There is a request at some point to add a local metadata cache as that's in the works and would be great for situations like this. I'd avoid the cache backend since it's a bit buggy sadly as that would be a good fit as well.

Doesn’t Windows change the parent directory date when it writes to it? You could use RCline LSD to get just the directories I think and then parse the time?

To animosity022 - I tried --fast-list with no luck. It still takes a very long time, I would suspect over 10 minutes to list everything.

alstrandsr - I tried the LSD command just now, it's super fast. But it only gives the following output (truncated to not list all 999 here)

           0 2021-07-10 11:46:42        -1 1
           0 2021-07-10 11:46:42        -1 10
           0 2021-07-10 11:46:42        -1 100
           0 2021-07-10 11:46:42        -1 101
           0 2021-07-10 11:46:42        -1 102
           0 2021-07-10 11:46:42        -1 103
           0 2021-07-10 11:46:42        -1 104
           0 2021-07-10 11:46:42        -1 105
           0 2021-07-10 11:46:42        -1 106
           0 2021-07-10 11:46:42        -1 107

The timestamps are all exactly the same, and I know only one is being written to at a time. The active directory changes every few minutes. It looks like its showing the time on my local PC when I executed the command (11:46, it's 11:50 now)

Wonderful:-(

I am a Linux dude so bear with me. Files have an access time, creation time, modified time etc. can you use a Windows command, possibly dir with some option to see the other times? If one gives you what you want you could add that to your script that runs RClone.

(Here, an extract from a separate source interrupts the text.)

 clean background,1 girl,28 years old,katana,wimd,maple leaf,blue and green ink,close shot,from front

Also look at the options for lsd if they documented that. Maybe it can be configured.

Windows or Linux doesn't matter as it's pointing to a cloud remote and not a local file system. The remote has to support access time which I'm not aware of any that do.

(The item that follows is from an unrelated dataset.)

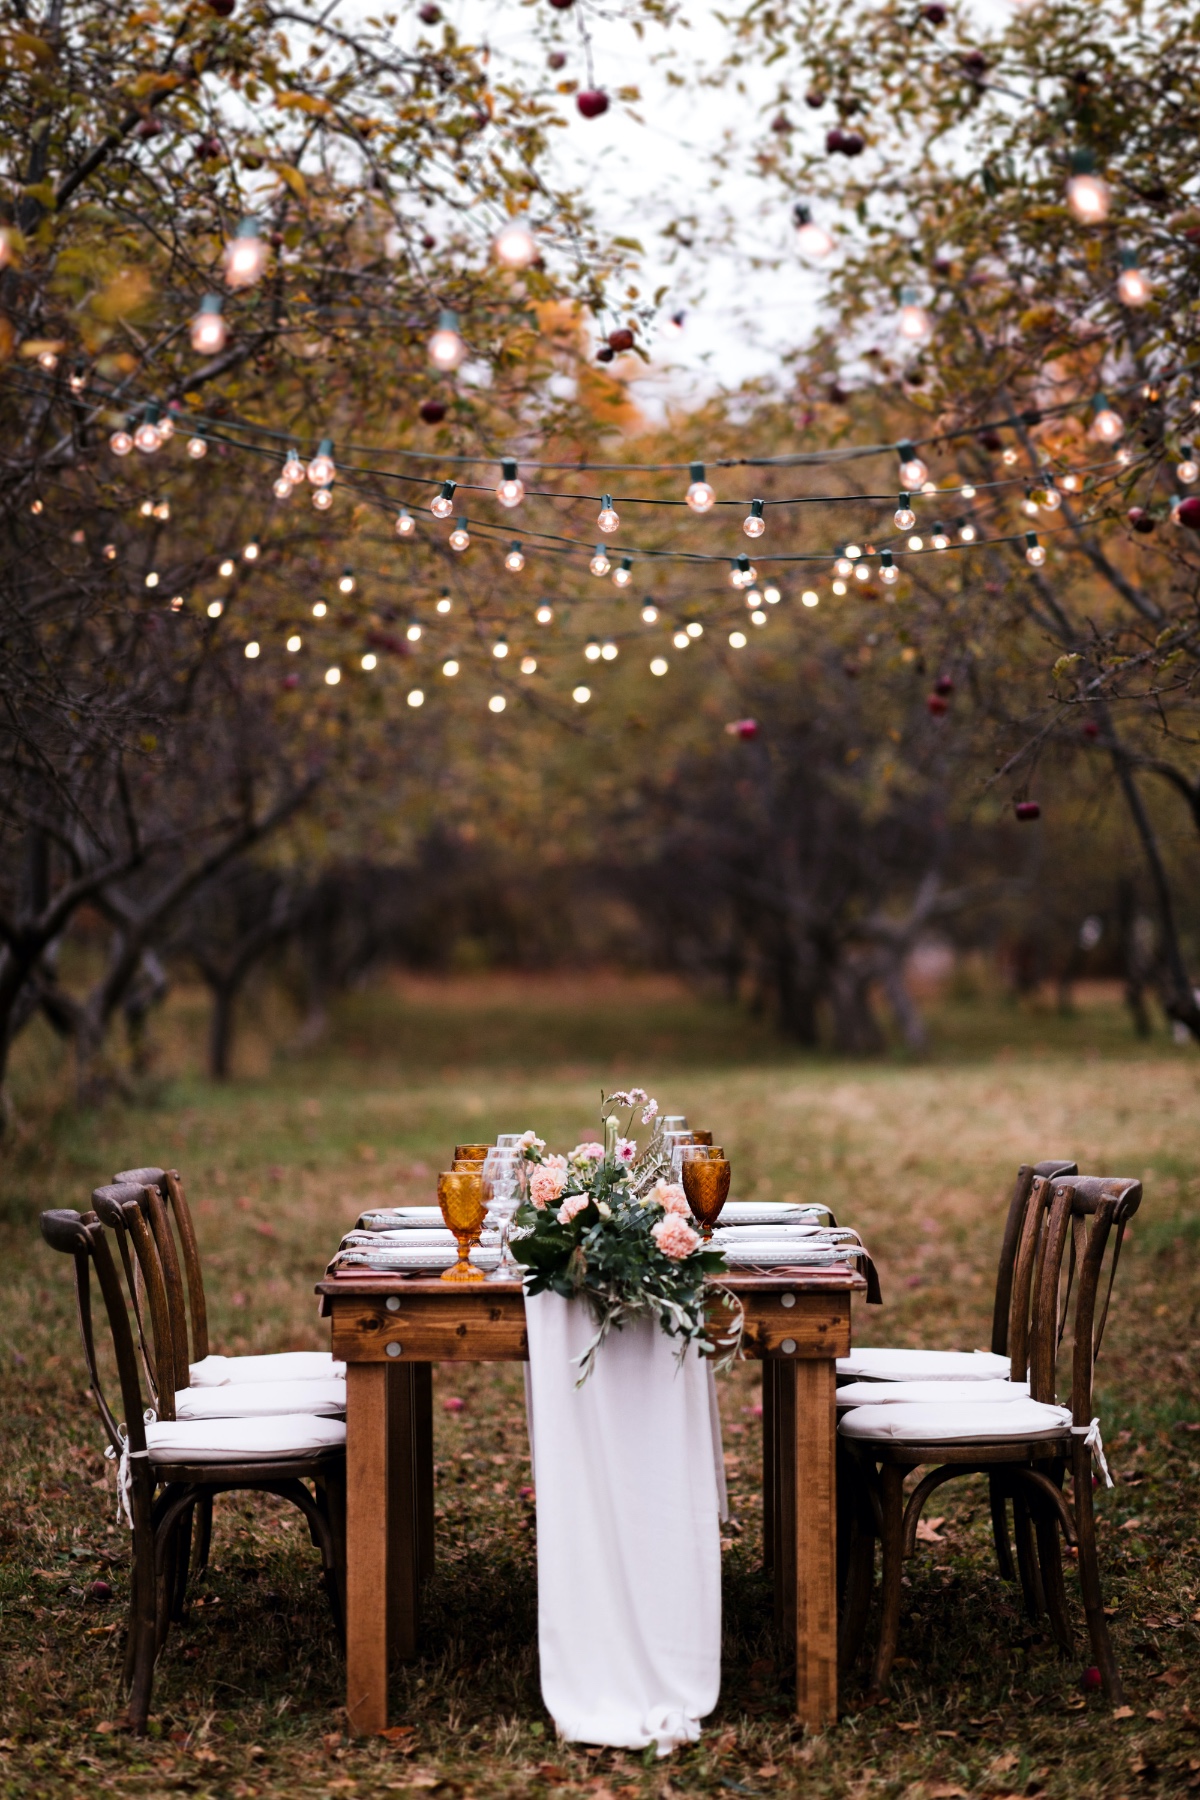 Outdoor dining in apple orchard under twinkle lights

I've been keeping up with the comments and looking at documentation, still not luck with this. Being so new with rclone makes it harder for me.

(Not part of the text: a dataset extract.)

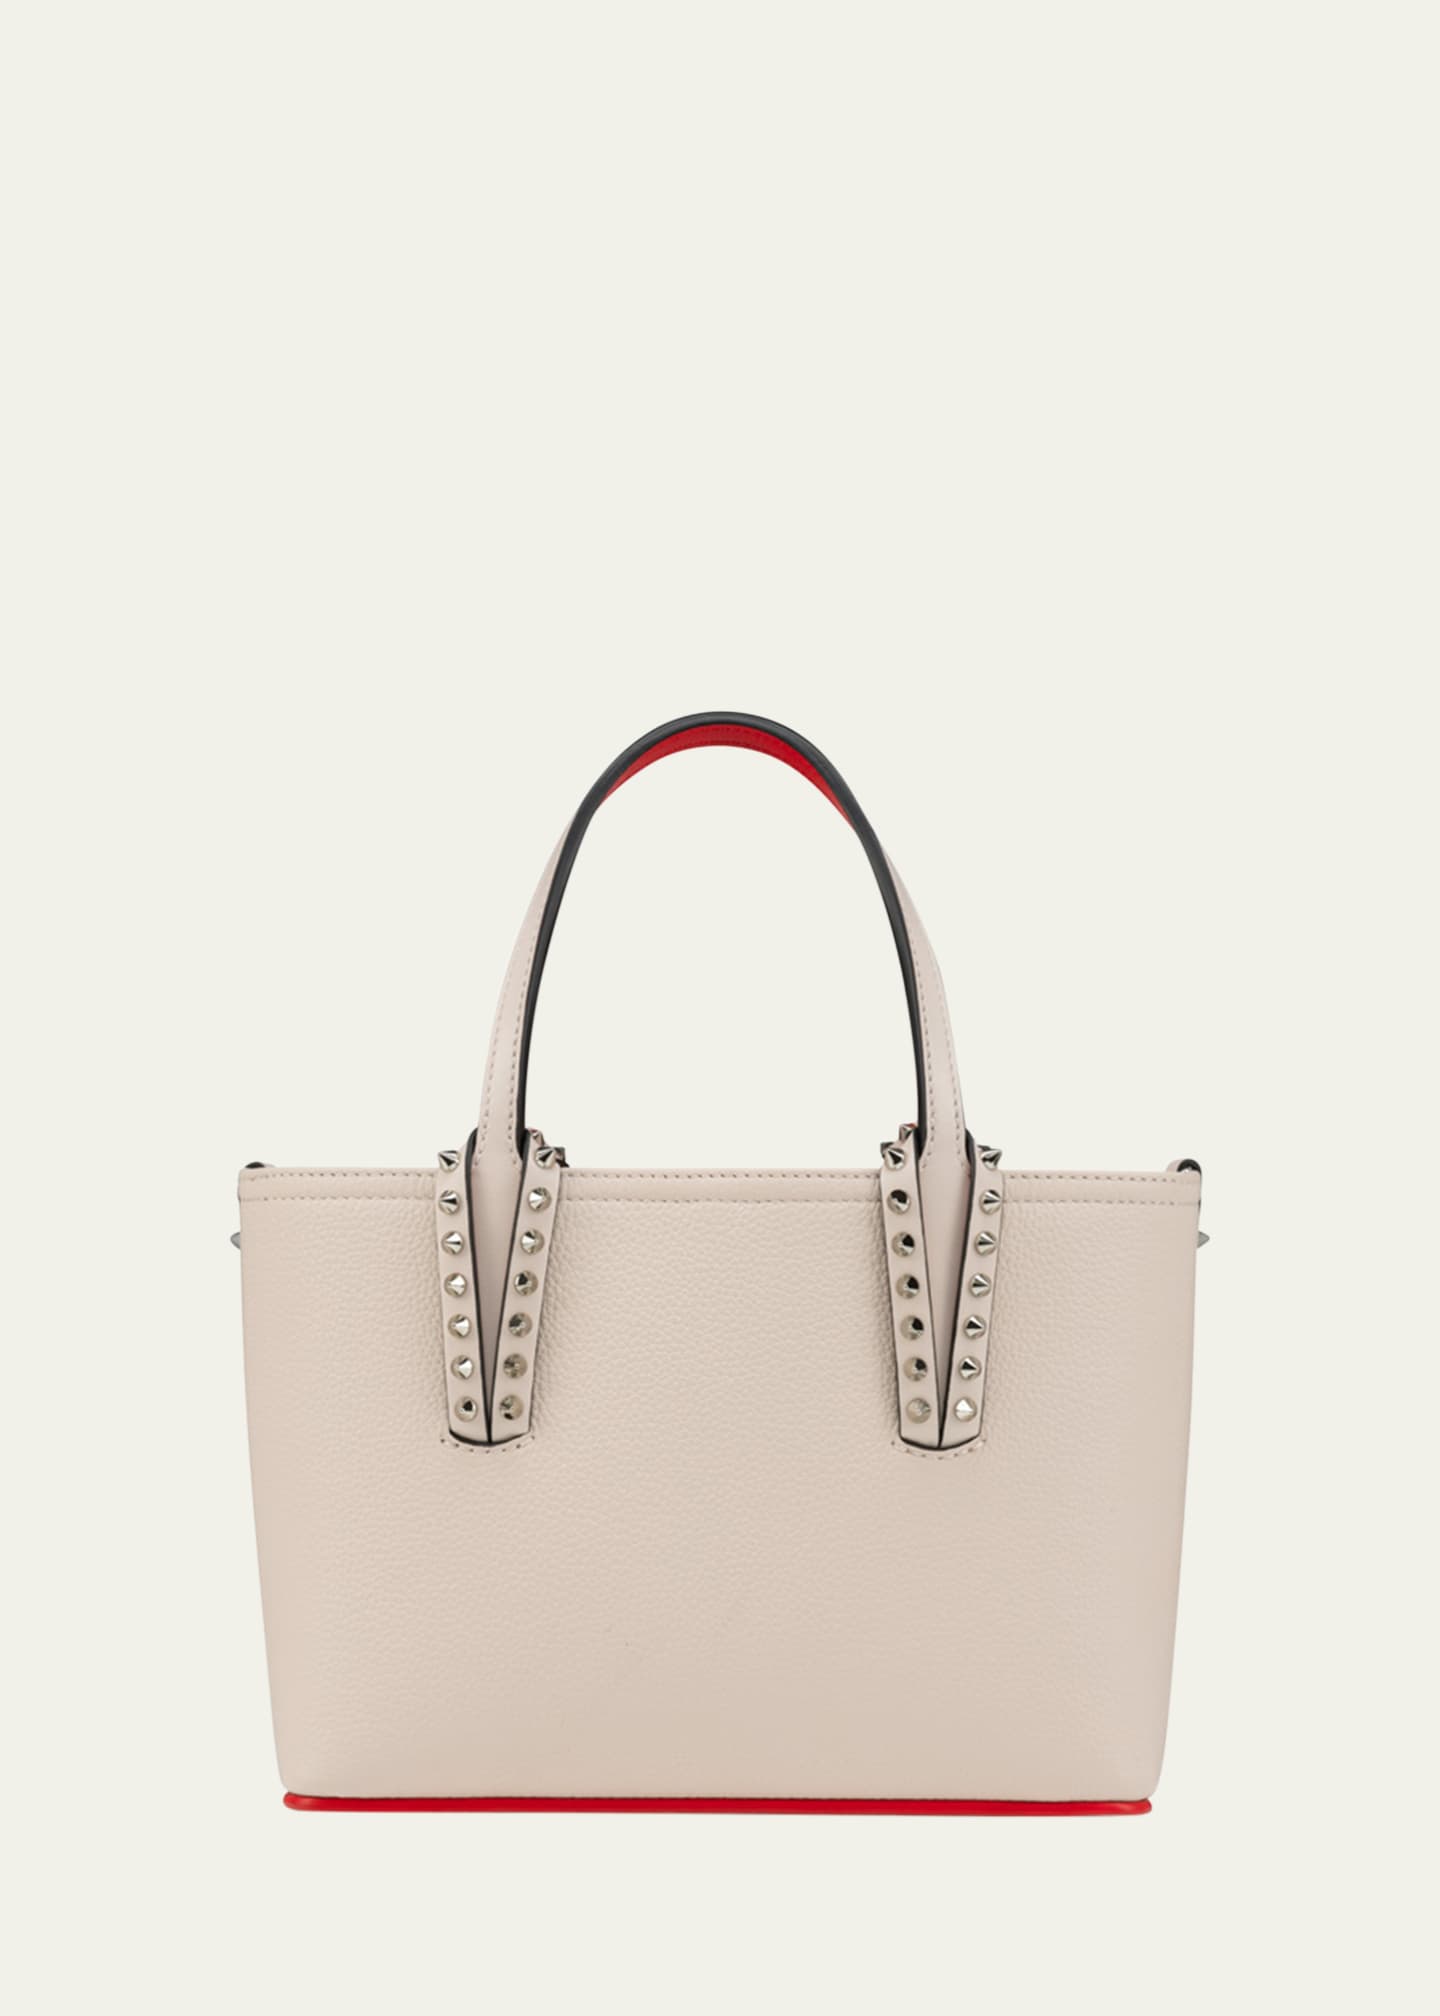 CHRISTIAN LOUBOUTIN: Cabata leather bag with spikes - White

Sorry when I saw C:\ I thought you were copying from a local system.

Is the "cloud remote" an S3 compatible bucket? If not, I would look at command tools by your provider to analyze for dates. This is not as much an RClone issue as a source provider question.

S3 compatible bucket files contain a "last modified date" which could be used but I have no idea what capabilities your source data has. If you search all files remotely, yes it will be slow. Here is an example of data S3 can provide you about the object.

{
    "Contents": [
        {
            "Key": "dir1/ft1.txt",
            "LastModified": "2021-07-10T20:28:18+00:00",
            "ETag": "\"d41d8cd98f00b204e9800998ecf8427e\"",
            "Size": 0,
            "StorageClass": "STANDARD"
        }
    ]
}

The rclone lsd command is essential an aws s3 ls without recursion.

AWS bucket contents are stored by full name. A parent directory is known as a prefix. The prefix doesn't have a date like a Windows or Linux system have.

You may be one level down from where you should be. Your source data should have an API to get you the current file(s). If not you may have to explore how to get that and then figure out if one of the RClone filters will give you the parent prefix.

Also -- if the source is a real-time system you probably want to get the next-to-last item so you don't try and copy something partial that is being created.

Good luck.

This topic was automatically closed 60 days after the last reply. New replies are no longer allowed.